Friday, October 09, 2009

Will work for Beer

A new study suggests that the cliché of a full-time college student working a low-wage job to pay her tuition and getting lower grades than she’d have if she wasn't working is more fiction than fact.

If the student works fewer than 20 hours a week, she may, in fact, have a higher grade point average than her jobless peers and be spending her paychecks on “beer money” or other non-tuition expenses.

These are findings outlined in “Parental Transfers, Student Achievement and the Labor Supply of College Students,” forthcoming in the Journal of Population Economics, by Charlene Kalenkoski, an associate professor of economics at Ohio University, and Sabrina Wulff Pabilonia, a research economist in the Bureau of Labor Statistics’ Division of Productivity Research and Program Development.
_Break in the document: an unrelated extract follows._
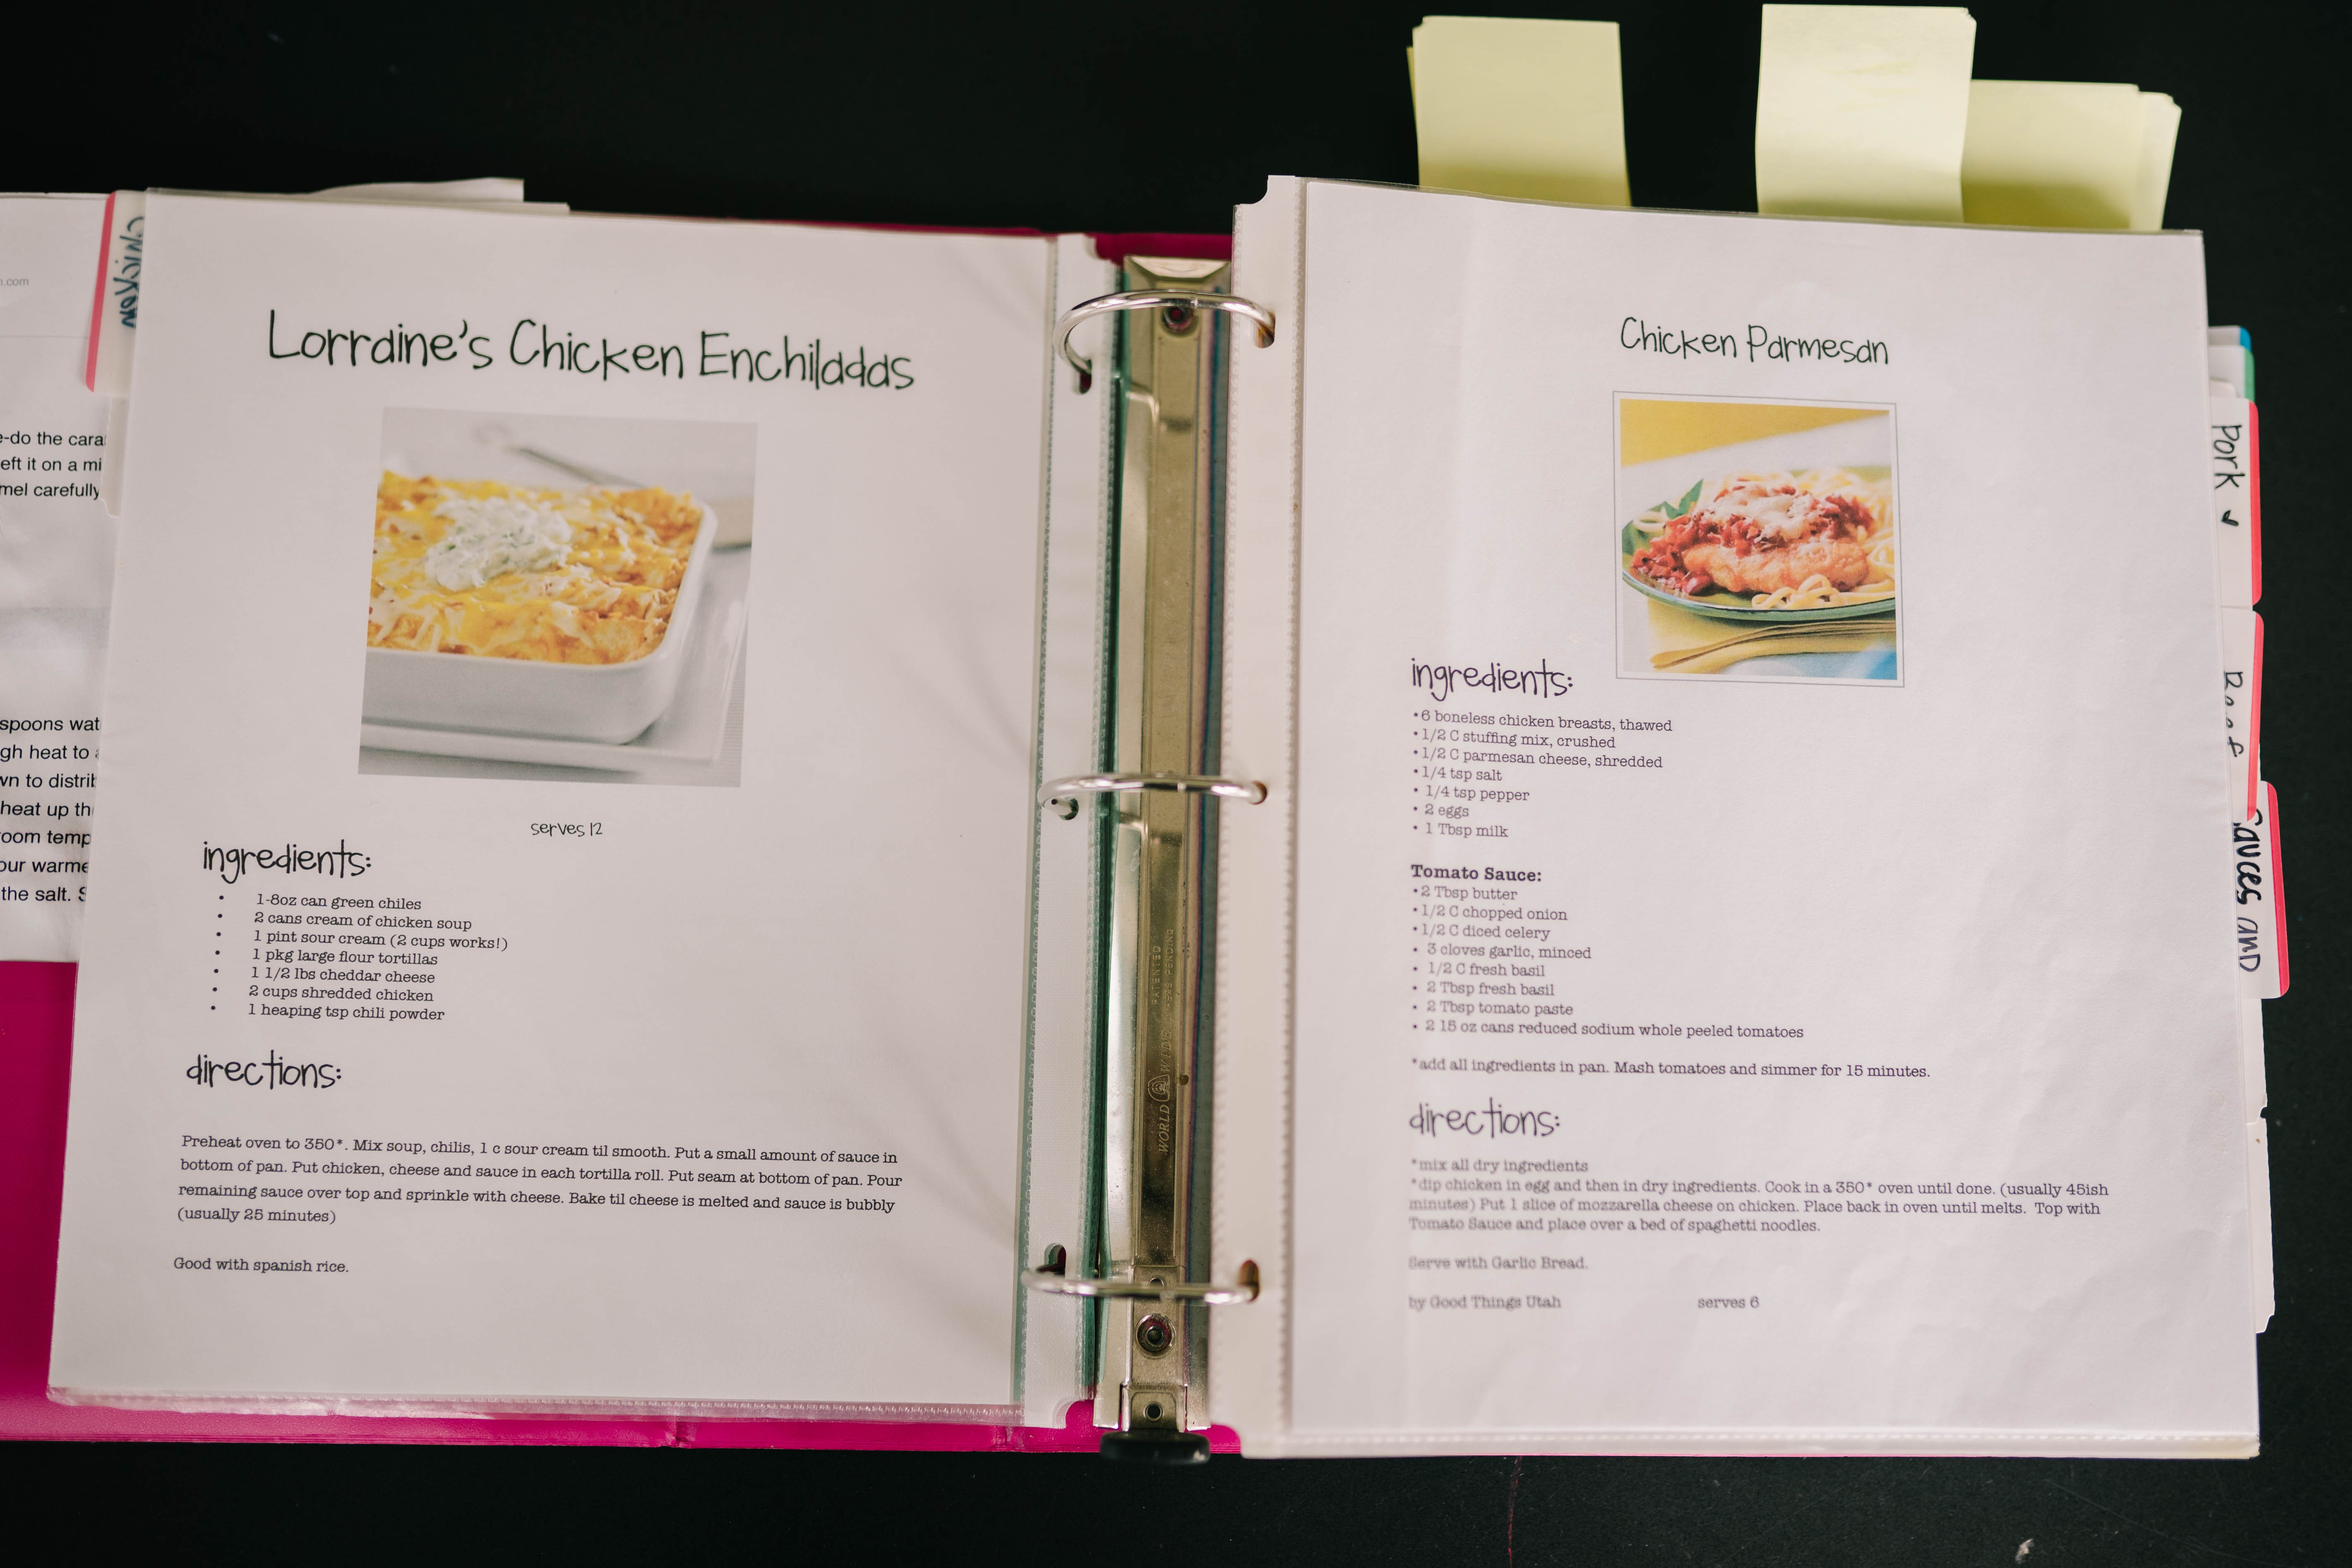 The 1 Best Way To Make Your Own Recipe Book

The two economists wanted to learn how work affects students’ academic performance and what might motivate them to take on more hours of work.

http://www.insidehighered.com/news/2009/10/08/work

3 comments:

Anonymous said...

Kalenkoski has an interesting paper with Foster on the debate as to whether it is more appropriate to fit censored regression (Tobit) models using maximum likelihood estimation or linear models using Ordinary Least Squares (OLS) --- to explain individuals’ allocations of time to different activities as recorded in time-diary data.

One side argues that estimation of Tobit models addresses the significant censoring (i.e., large numbers of zeros) typically found in time-diary data. The opposing side argues that reported zeros represent measurement error rather than true non-participation in the activity, in which case OLS is preferred.

http://oak.cats.ohiou.edu/
~kalenkos/Foster_eIJTUR.pdf

Kevin Denny said...

The Mostly Harmless econometrics book also has a discussion. They don't Tobit or Probit, anything thats not linear as far as I can see.
But when it comes to time allocation aren't there genuine zero's?
I really didn't fly a plane this week, engage in regicide etc. And lots of people didn't work either..

Anonymous said...

Kevin,

I agree that there are some genuine zeroes in time allocation. Furthermore, a good deal of these should be reported correctly when one asks a survey respondent about their "average" week.